Auto-imuun/polyendocriene aandoeningen

Diabetes type 1 kan gepaard gaan met andere auto-immuun aandoeningen, zoals meest voorkomend auto-immuun geïnduceerde hypothyreoidie (bij 25%), maar ook andere onderdelen van polyendocriene syndromen (zoals bijnierschorsinsufficiëntie, hypoparathyreoïdie, vitamine B12 deficiëntie, prematuur ovarieel falen). Ook coeliakie komt vaker voor bij mensen met diabetes
type 11..

Depressieve klachten en depressie

Mensen met diabetes type 1 hebben twee keer zo veel kans op het krijgen van depressieve klachten2. Dat wil zeggen dat ruim 1 op de 6 mensen met diabetes te maken heeft met depressieve klachten3. De minderheid van de mensen met diabetes heeft een volwaardige depressie, in de meeste gevallen gaat het om depressieve klachten. In het geval van een volwaardige depressie worden er verschillende niveaus van ernst onderscheiden4. Er kan sprake zijn van milde of ernstige depressie.

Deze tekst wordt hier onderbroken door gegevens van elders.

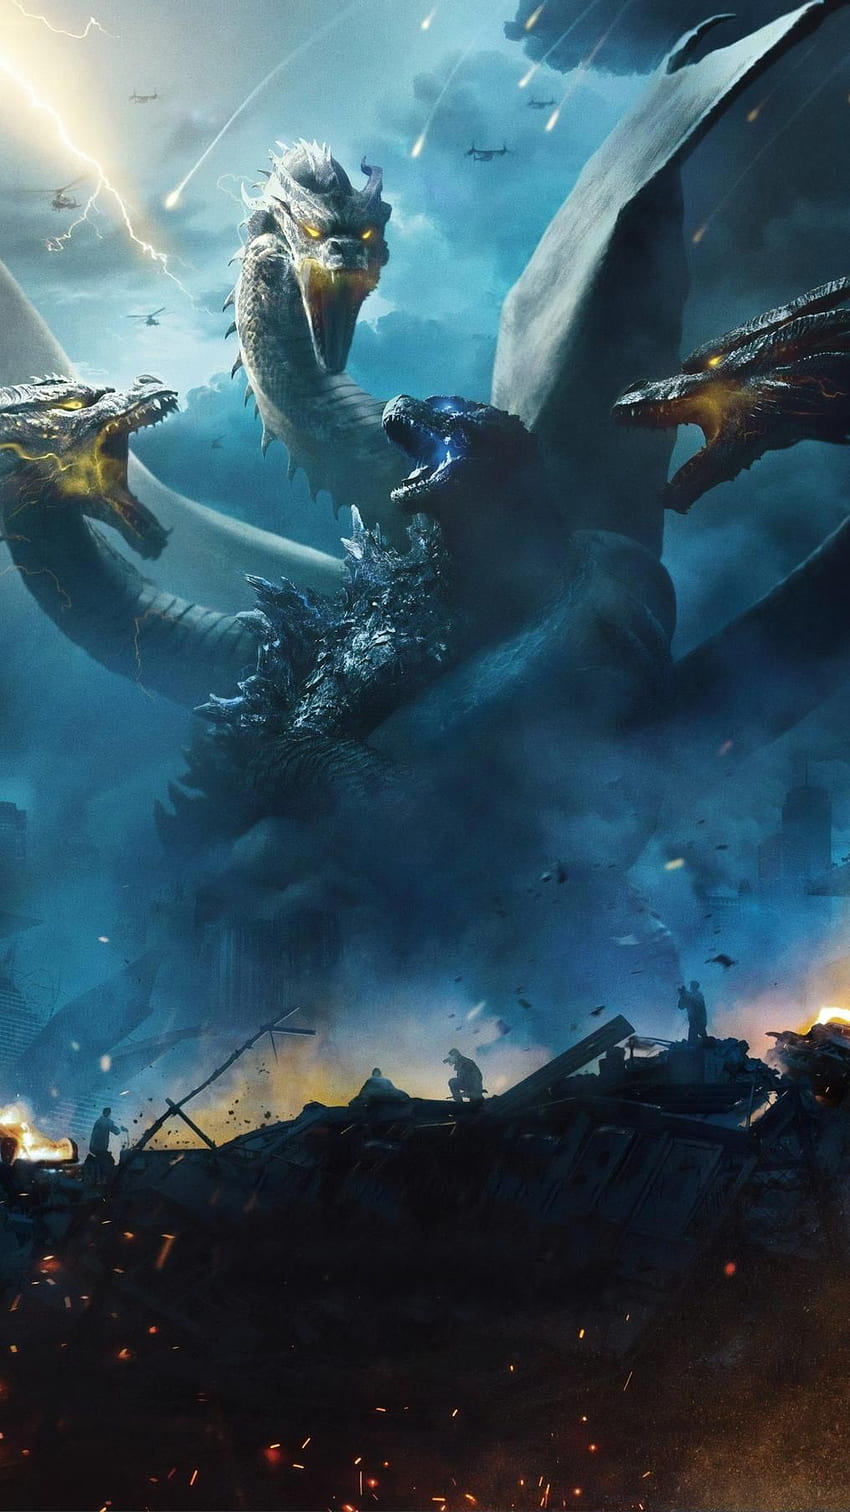 Godzilla: Rey de los monstruos (2019) Teléfono. Cinemanía. Godzilla, Godzilla contra el rey Ghidorah, Godzilla fondo de pantalla del teléfono

De verhoogde kans op het ontwikkelen van depressieve klachten hangt waarschijnlijk samen met een verhoogde kwetsbaarheid, zowel door psychologische als biologische factoren5. De noodzaak tot dagelijkse en levenslange intensieve zelfzorg en/of het hebben van diabetesgerelateerde complicaties zoals neuropathie, retinopathie en macrovasculaire kan bijdragen aan een grotere zorglast. Dit maakt mensen vatbaarder voor het ontwikkelen van depressieve klachten6. Naast het hebben van diabetes spelen ook individuele eigenschappen en omgevingsinvloeden een rol (bijlage 2 NDF-richtlijn ‘Signalering en monitoring van depressieve klachten’).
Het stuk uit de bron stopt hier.